Can John Green Be Cloned?

“We flooded the market with as much paranormal as it could stand,” says agent Michael Bourret of Dystel and Goderich Literary Management. “What everyone wants to be working on right now is contemporary realistic.” Credit, in part, John Green, whose latest, The Fault in Our Stars (Dutton), has nearly 2.5 million copies in print 19 months after its release. Green also played a part in launching 2013’s breakout YA debut: Rainbow Rowell’s Eleanor & Park (St. Martin’s Griffin), which he wrote about in the New York Times Book Review, producing a blurb worthy of a tattoo: “[It] reminded me not just of what it’s like to be young and in love with a girl, but also what it’s like to be young and in love with a book.” St. Martin’s has gone back to print 16 times for a total of 150,000 copies since Eleanor & Park’s March release.

Of course, contemporary realism has long been a mainstay for teen readers (The Outsiders, anyone?), but, says Rennert, “this is a moment when it can be really, really successful.” Agents say two elements are key: a strong voice and a good hook.

“It can be about anything—romance, mystery, thriller—as long as the voice is great,” says Crowe, who points to her client, Nina LaCour, as having the right kind of authorial command of her narration.

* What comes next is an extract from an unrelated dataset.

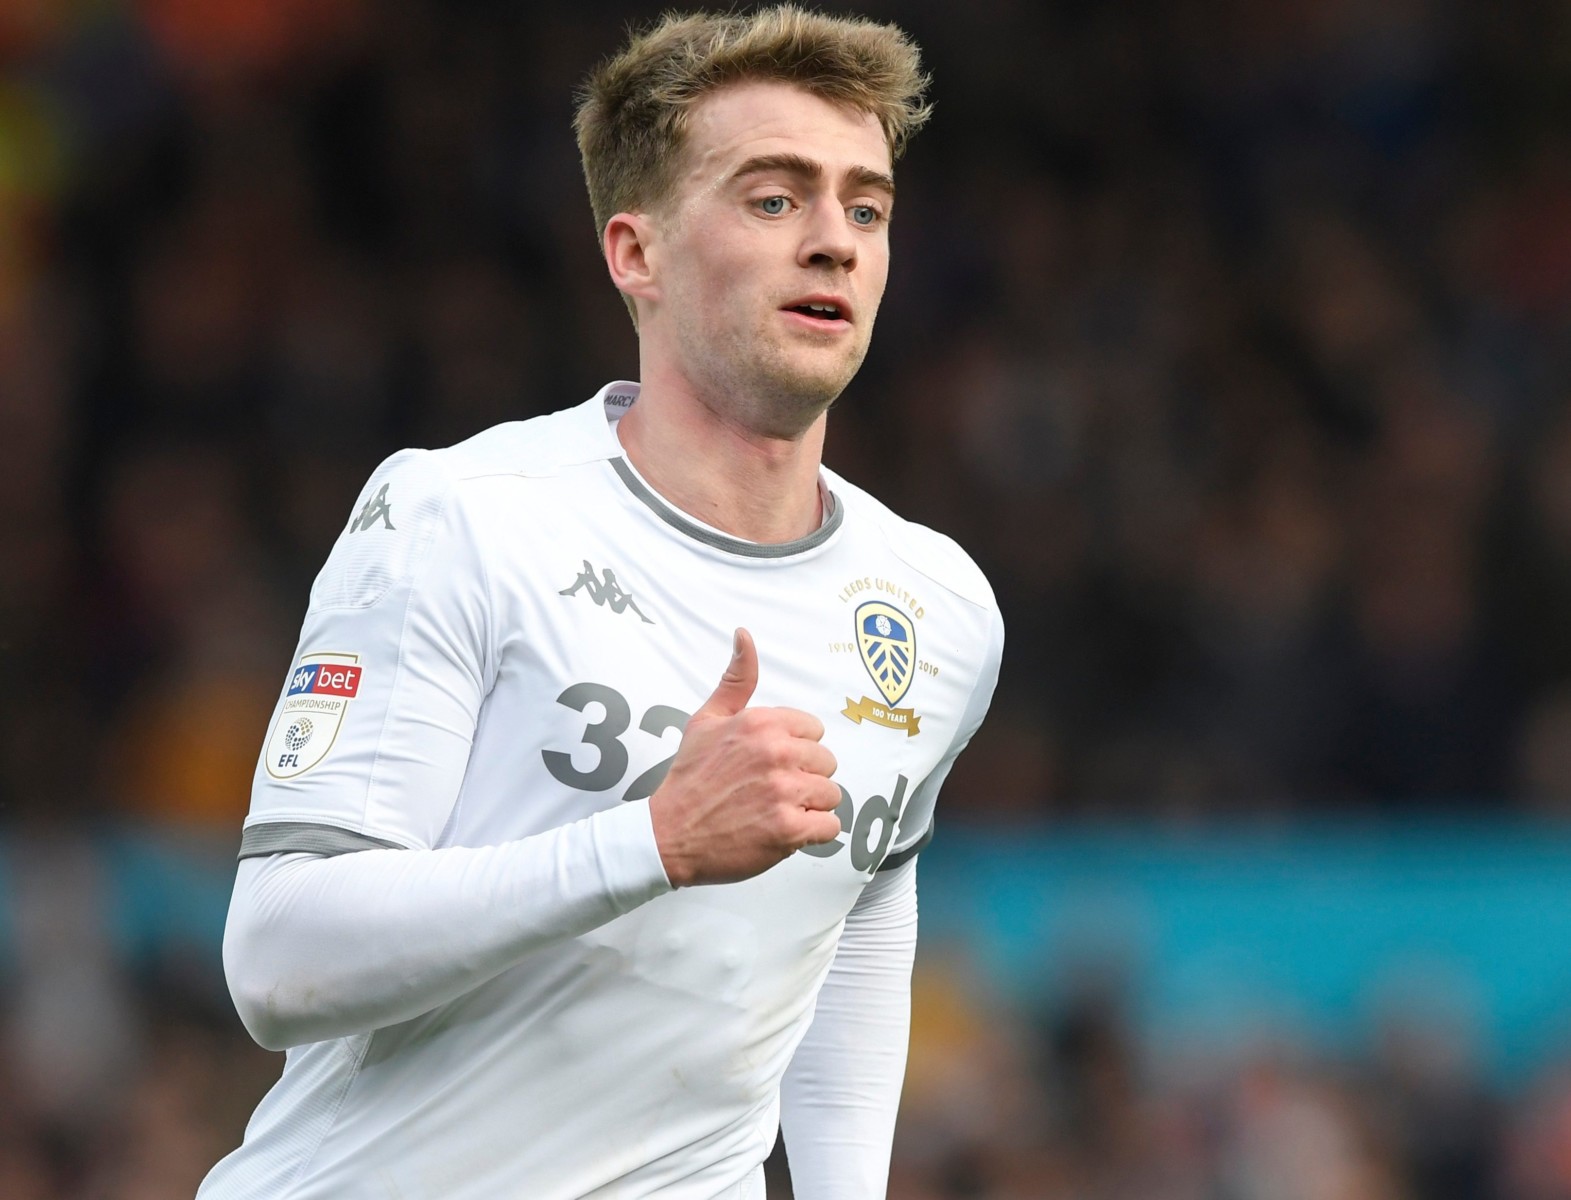 Patrick Bamford earns £40,000-a-week but will defer his wages
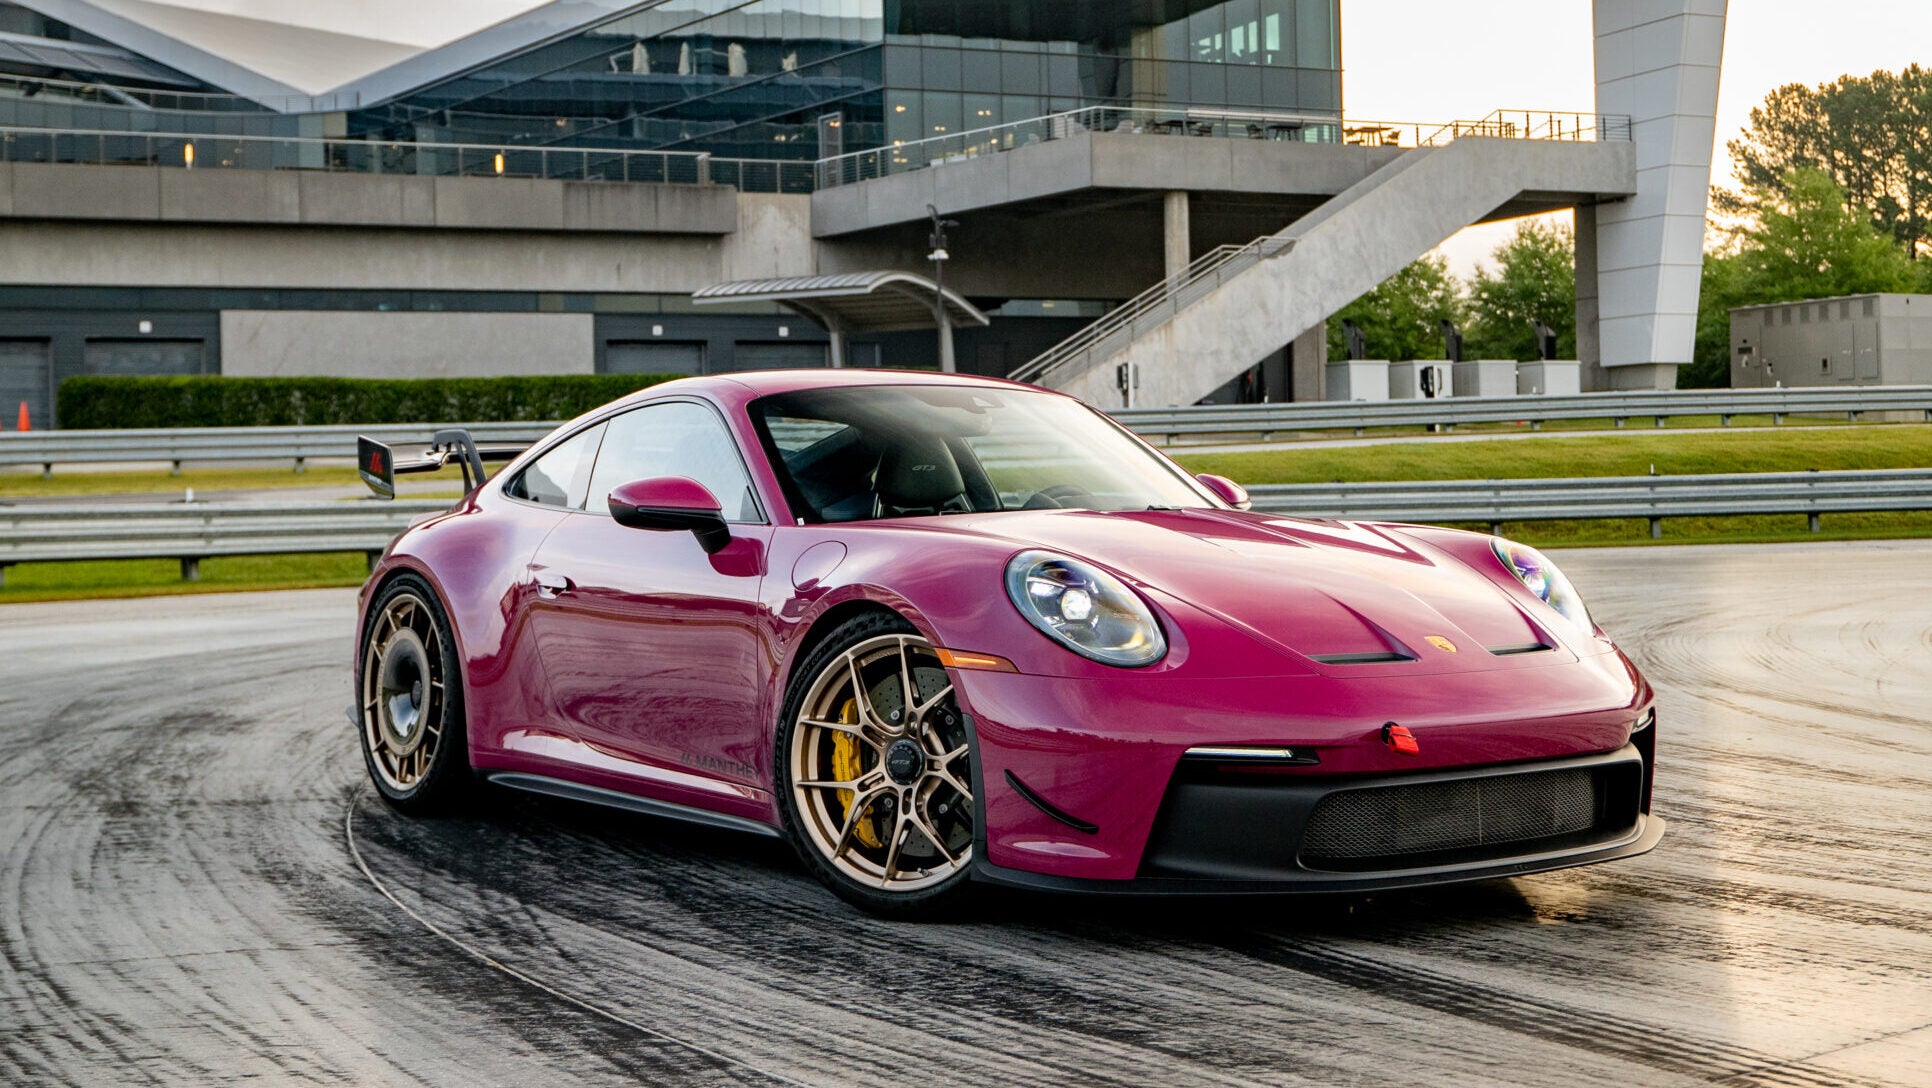 This is the new Porsche 911 GT3 RS and it's pretty much a race car now

LaCour will follow 2012’s The Disenchantments with Everything Leads to You, a Hollywood mystery, which Crowe recently sold to Dutton’s Julie Strauss-Gabel in a two-book deal.

But producing a distinctive voice, agents agree, is a lot harder than adding some fallen angels or risen zombies to an otherwise standard romance. “Pulling off that really authentic, quirky, individual voice is definitely hard to do,” says Jenny Bent of the Bent Agency. “When it’s done right, it reads as deeply sincere. It’s not something you can fake.”

The other critical ingredient is just as tricky: “Everybody is looking for stories with the hook that will allow them to break out of the pack,” says Rennert. Bourret agrees: “It’s always going to be easier to sell a high-concept idea because it’s easier for publishers to sell a high-concept story to readers. There’s a real challenge when you can’t describe a story in one sentence.”

According to Rennert, editors are also keen to find writers with the potential to be category killers, like her client Ellen Hopkins, whose novels in verse release straight onto the bestseller list. Hopkins’s hard-hitting subjects—drug addiction, prostitution, mental illness—are definitely part of the appeal. Like Jay Asher’s 13 Reasons Why (Razorbill), a novel about suicide that spent two years on the New York Times bestseller list following its 2007 release, Hopkins’s novels demonstrate the voracious appetite that exists among teens, and a crossover adult audience, for gut-wrenching fiction. “There’s an absolute hunger for books about deeply emotional topics, no matter how tough a subject it is,” Rennert says.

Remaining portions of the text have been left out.